| Input data |
====
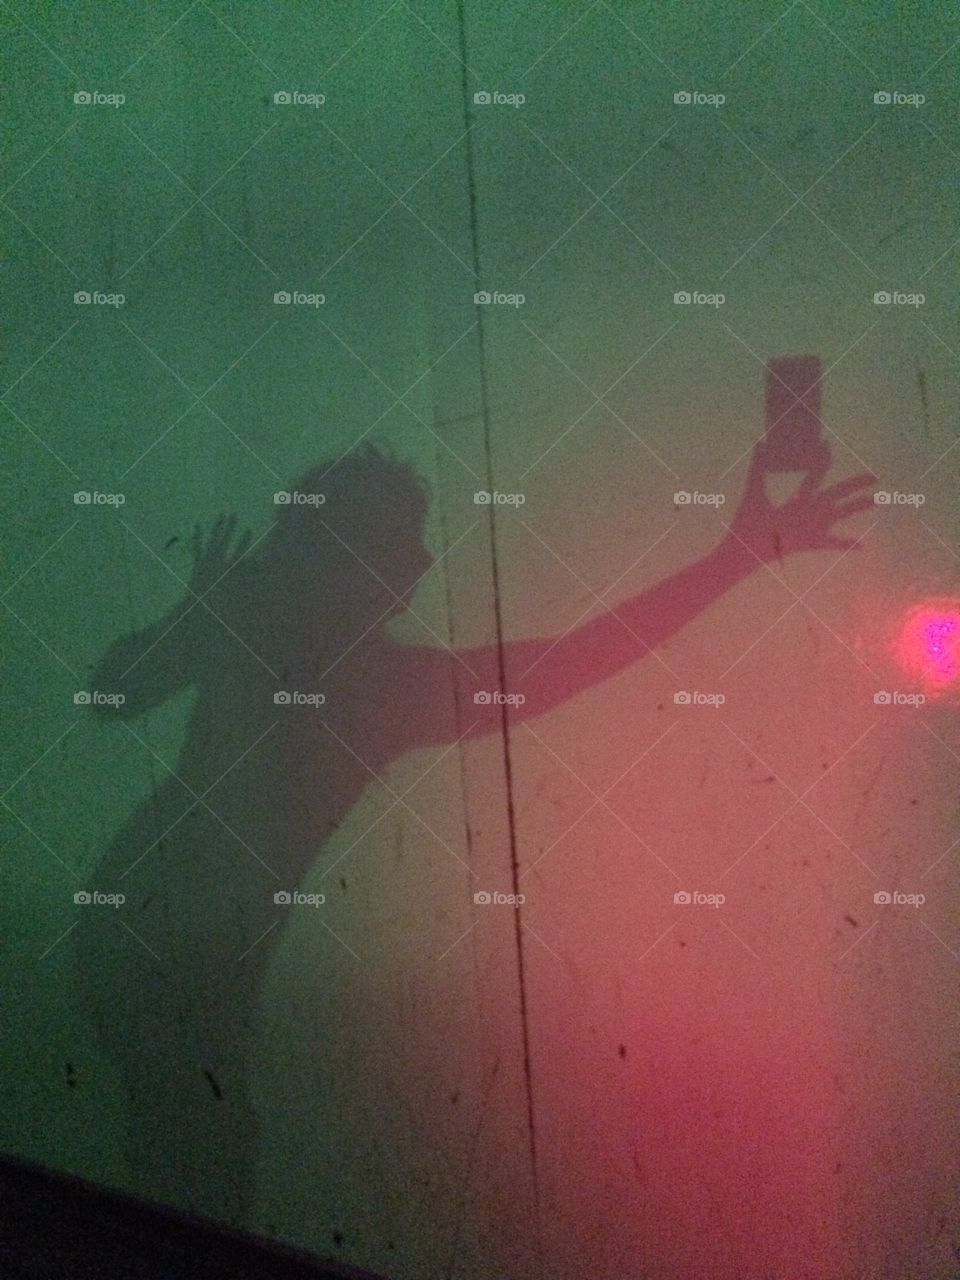 Shadow image of a person holding a smart phone. 
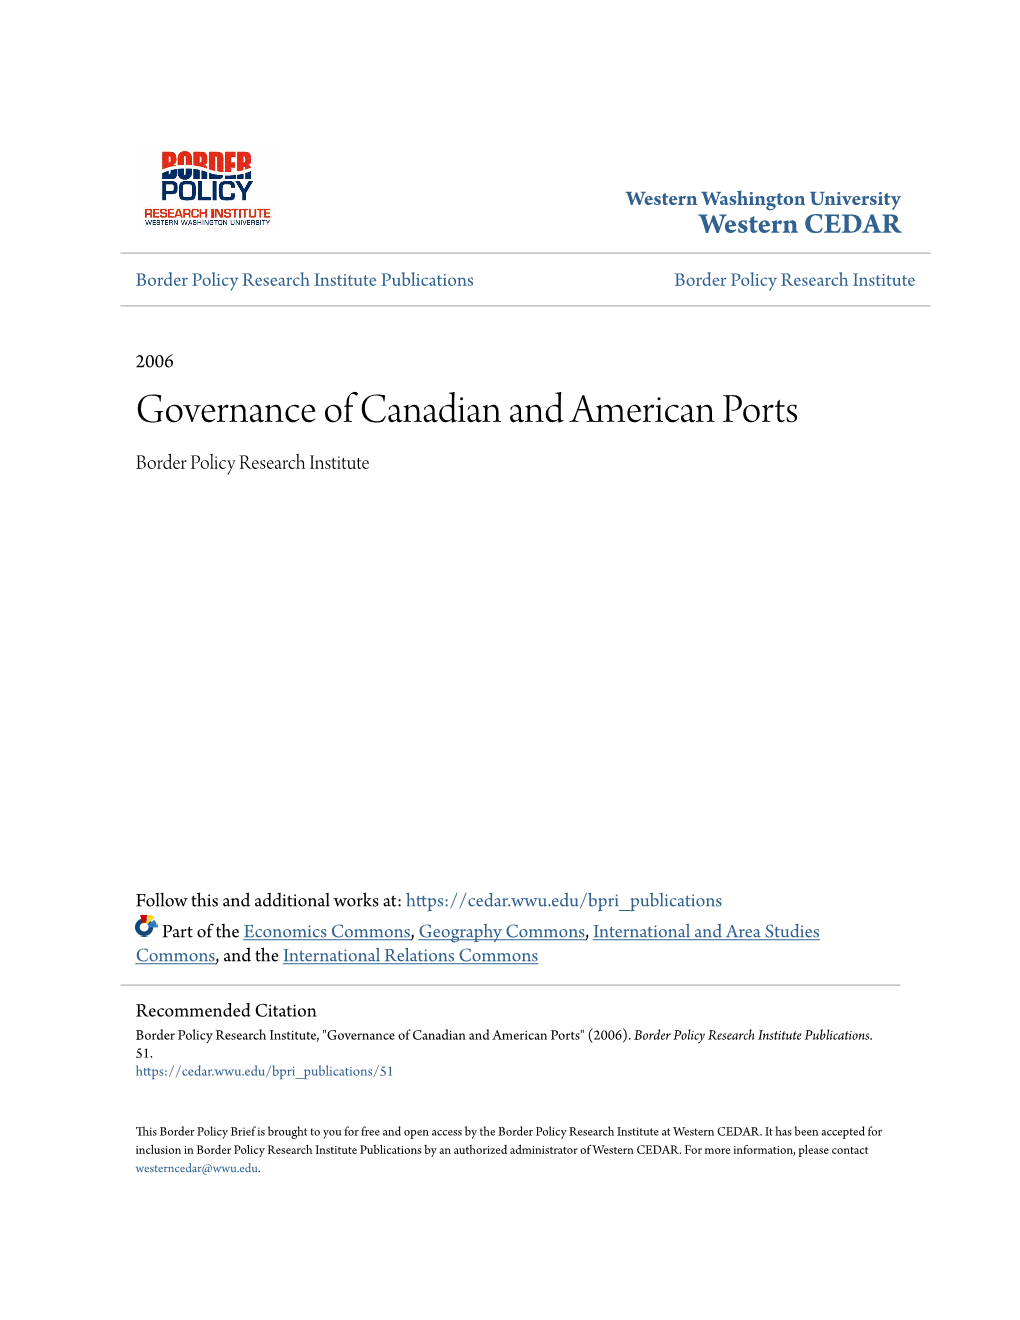 Governance of Canadian and American Ports Border Policy Research Institute
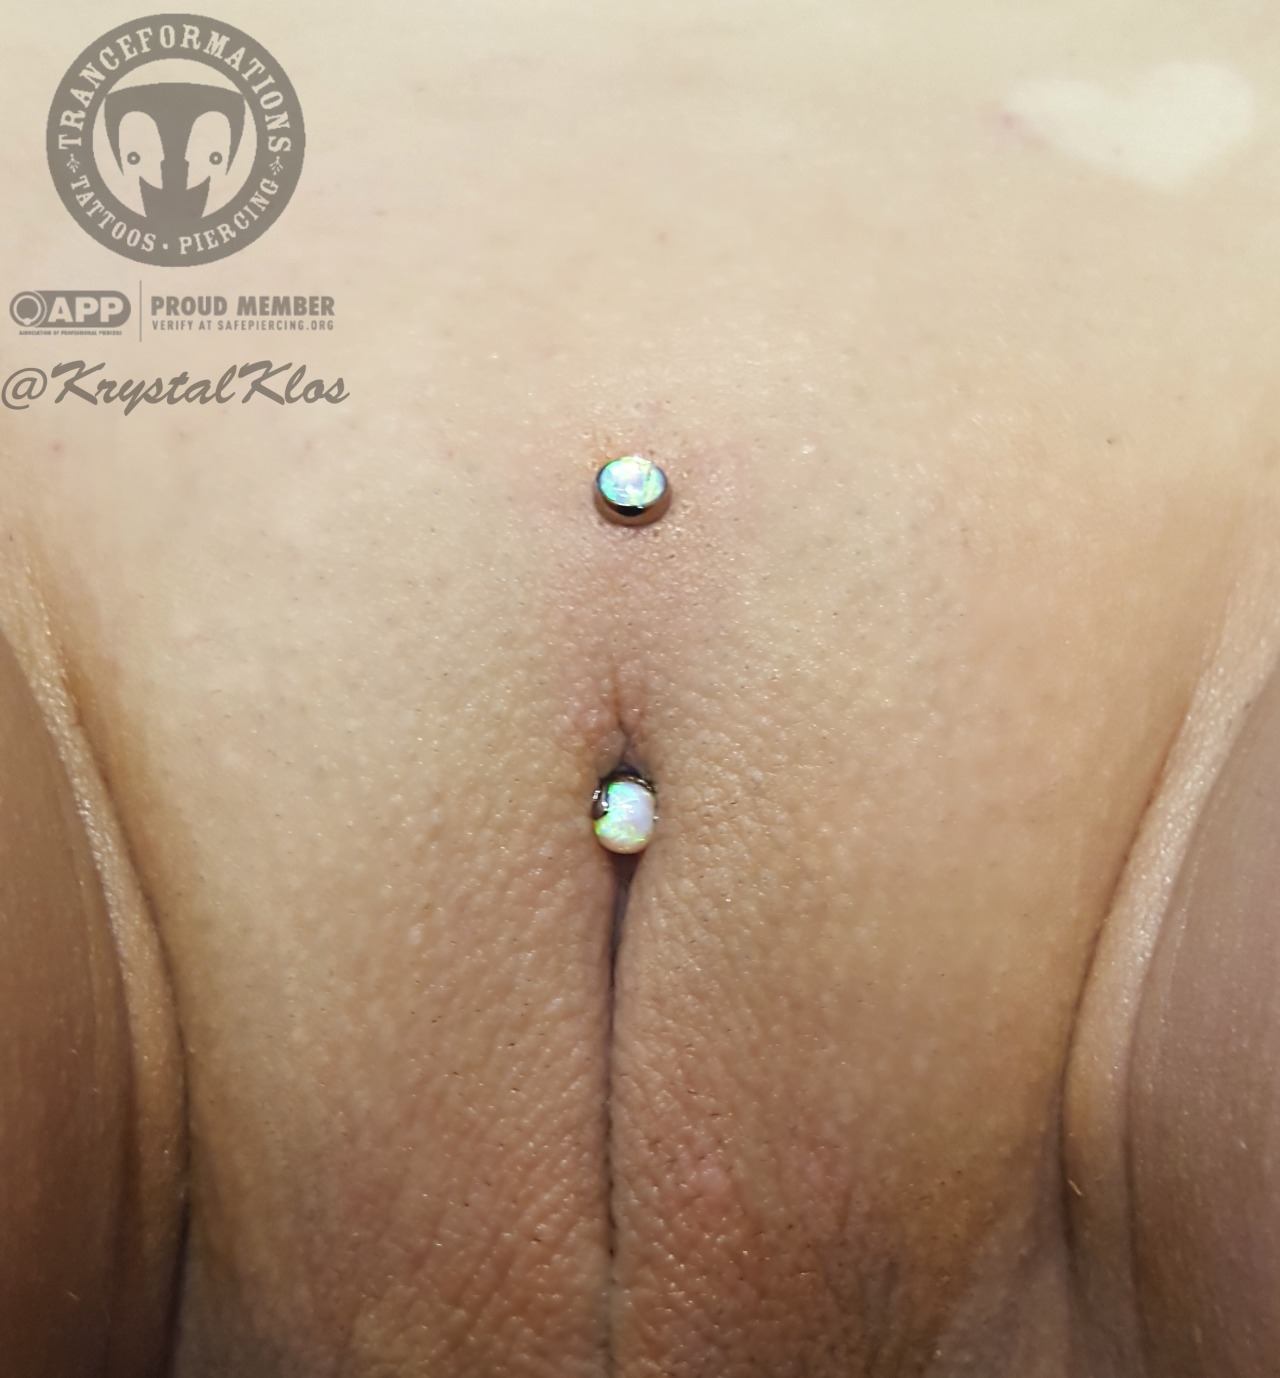 Body Piercing And Genital Tattoo Pictures 59
====
| Task instructions |
Locate the line containing "Governance of Canadian" in the material above, then repeat it and every later line exactly, with no pictures.

| Written solution |
 Governance of Canadian and American Ports Border Policy Research Institute
 Body Piercing And Genital Tattoo Pictures 59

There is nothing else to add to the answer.